▸ **Data for processing**
________

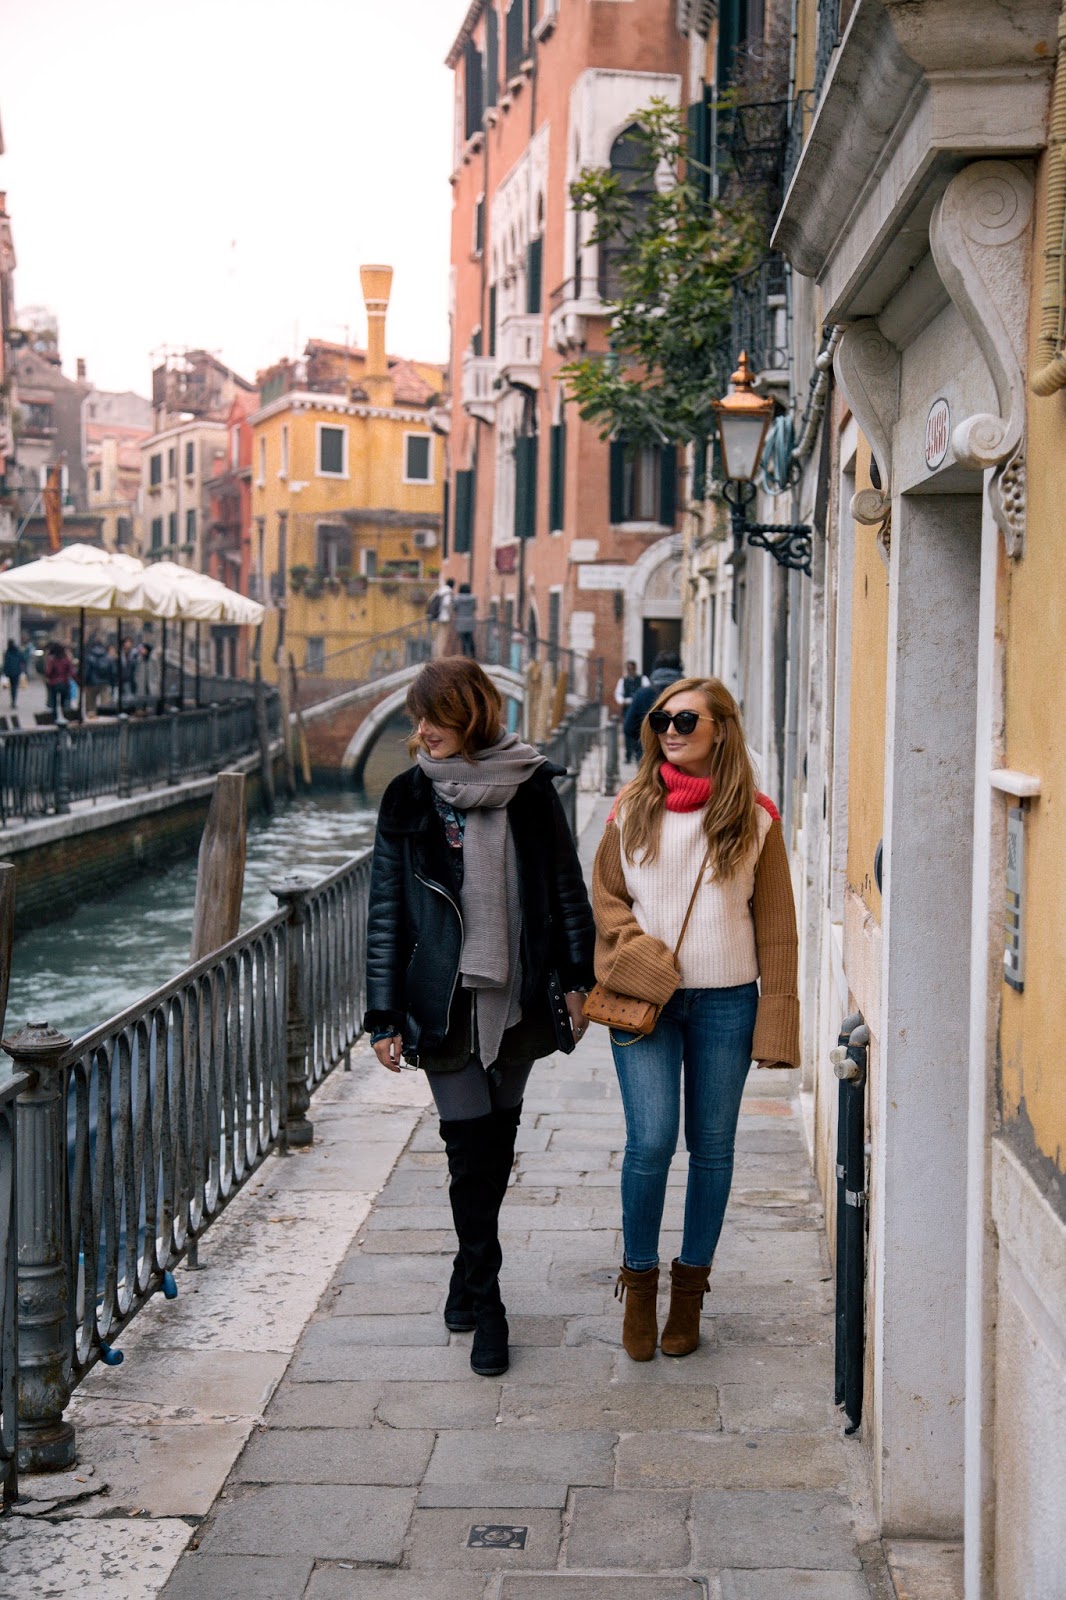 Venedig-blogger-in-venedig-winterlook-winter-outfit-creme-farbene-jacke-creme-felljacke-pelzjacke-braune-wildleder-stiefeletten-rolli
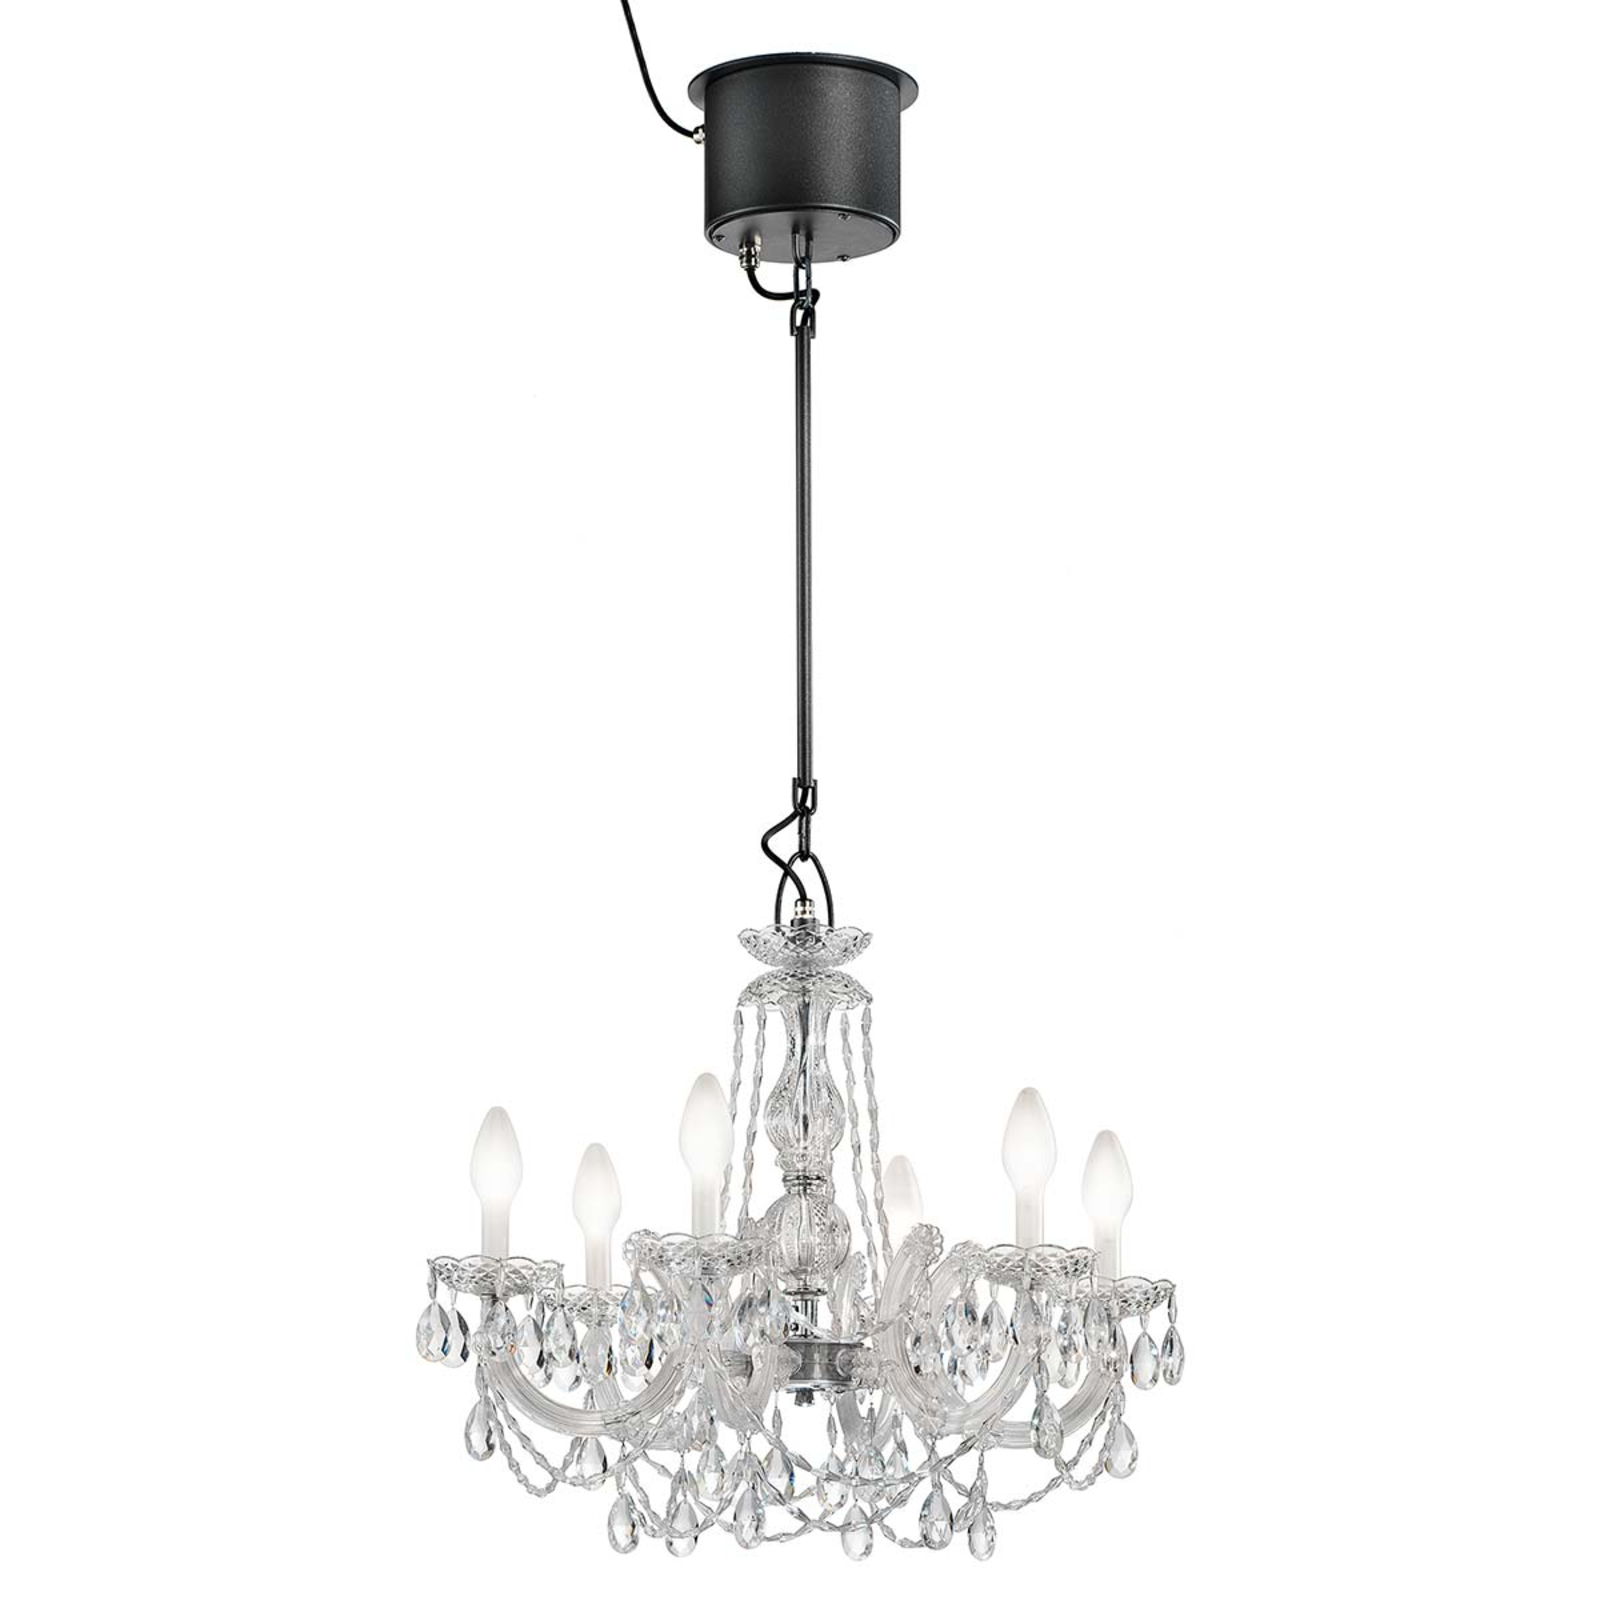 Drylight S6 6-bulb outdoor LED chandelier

________

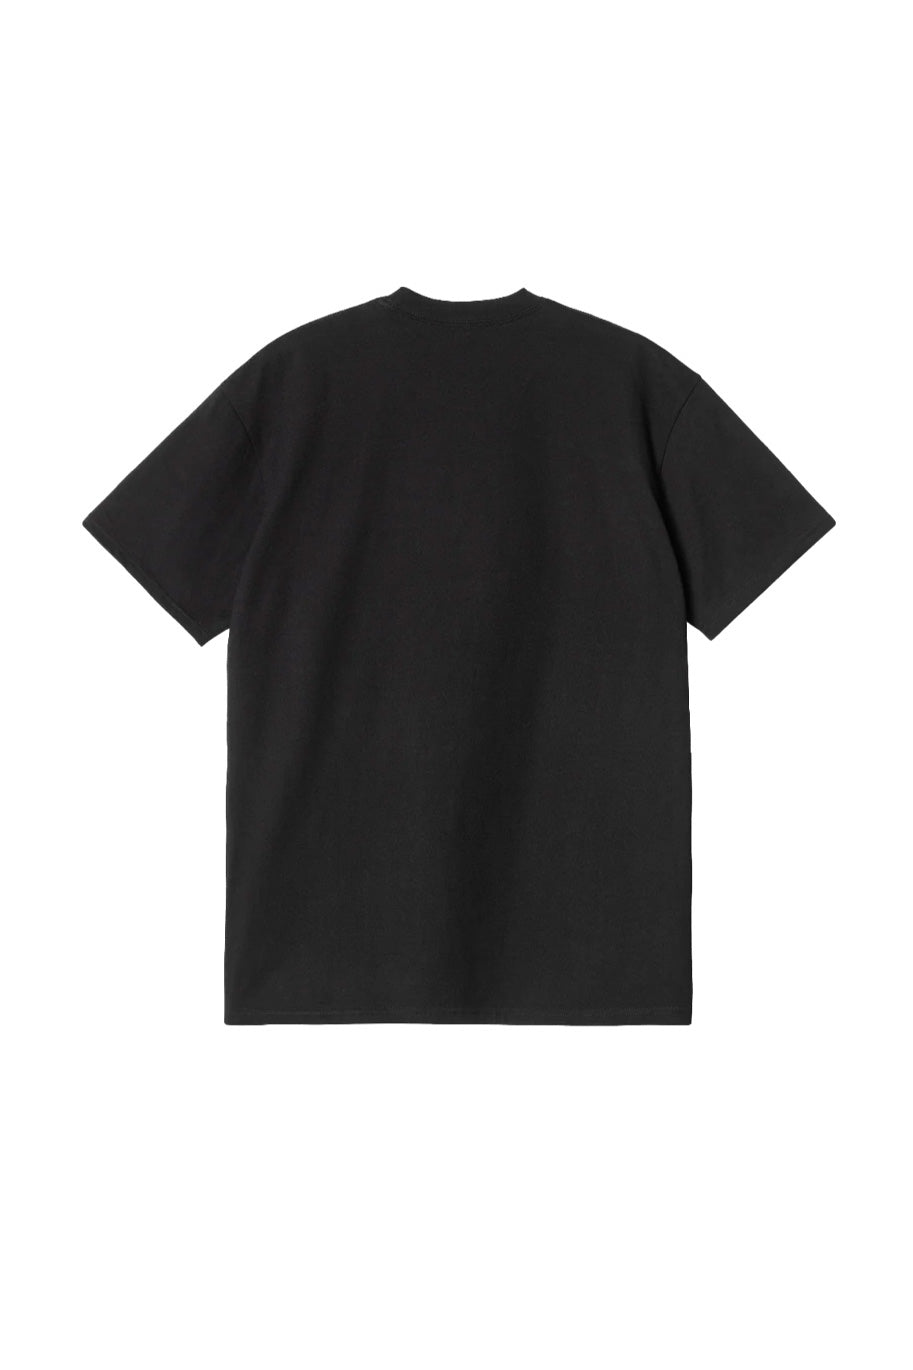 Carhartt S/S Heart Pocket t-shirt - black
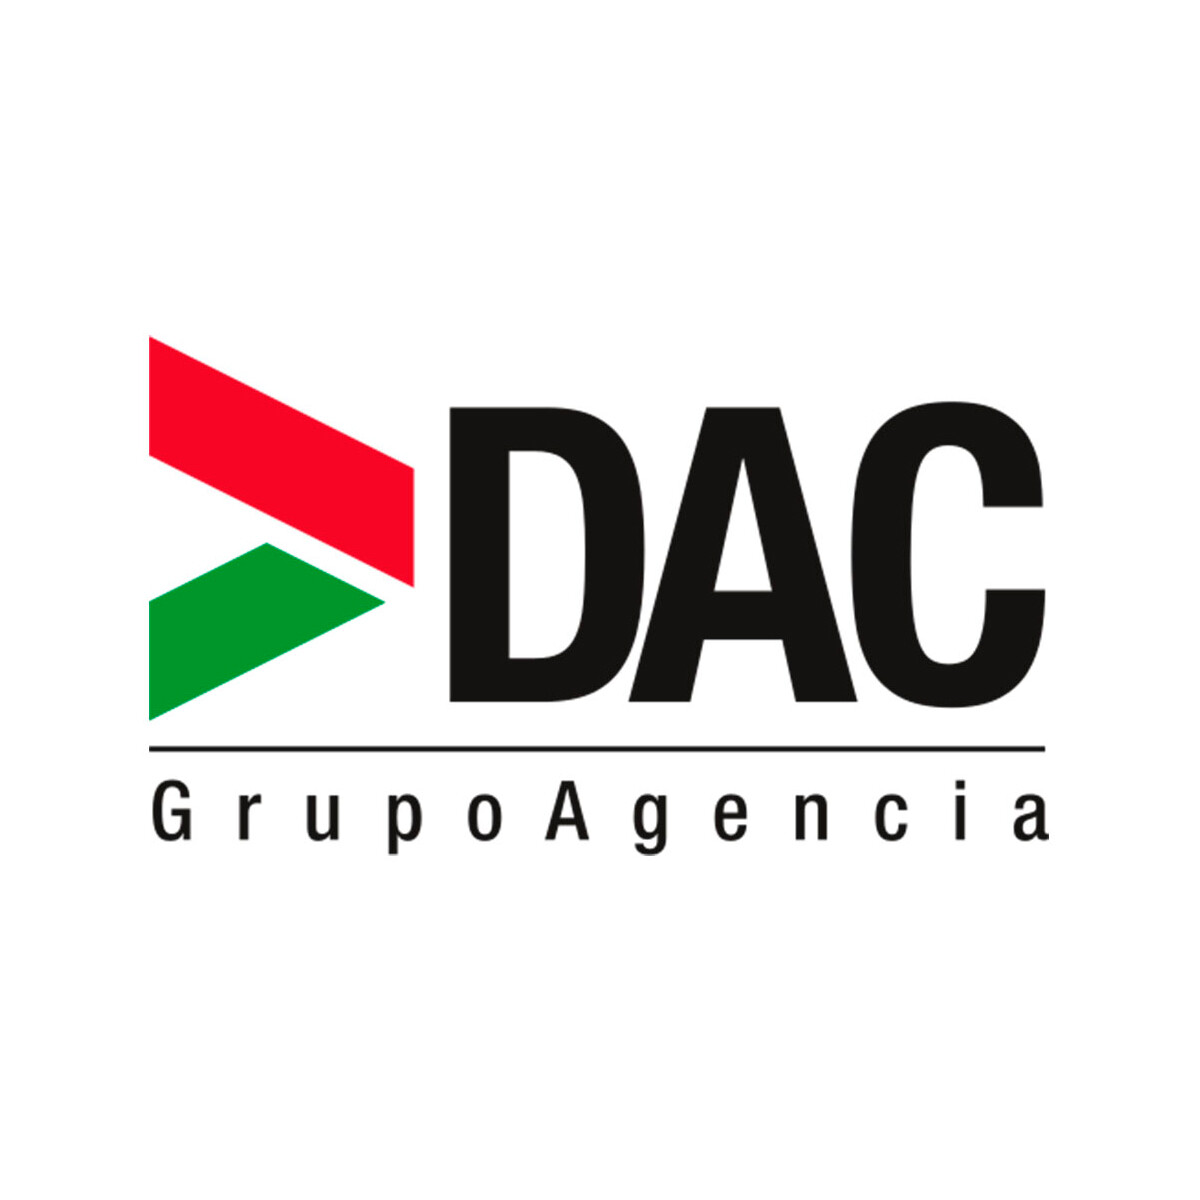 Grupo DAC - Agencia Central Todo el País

________

▸ **What the exercise asks**
In the entries above, which lines run from the one with "Carhartt S/S Heart Pocket t-shirt - black" up to and including the one with "Grupo DAC - Agencia Central Todo el País"? Write them out exactly, without the pictures.

▸ **Answer area**
 Carhartt S/S Heart Pocket t-shirt - black
 Grupo DAC - Agencia Central Todo el País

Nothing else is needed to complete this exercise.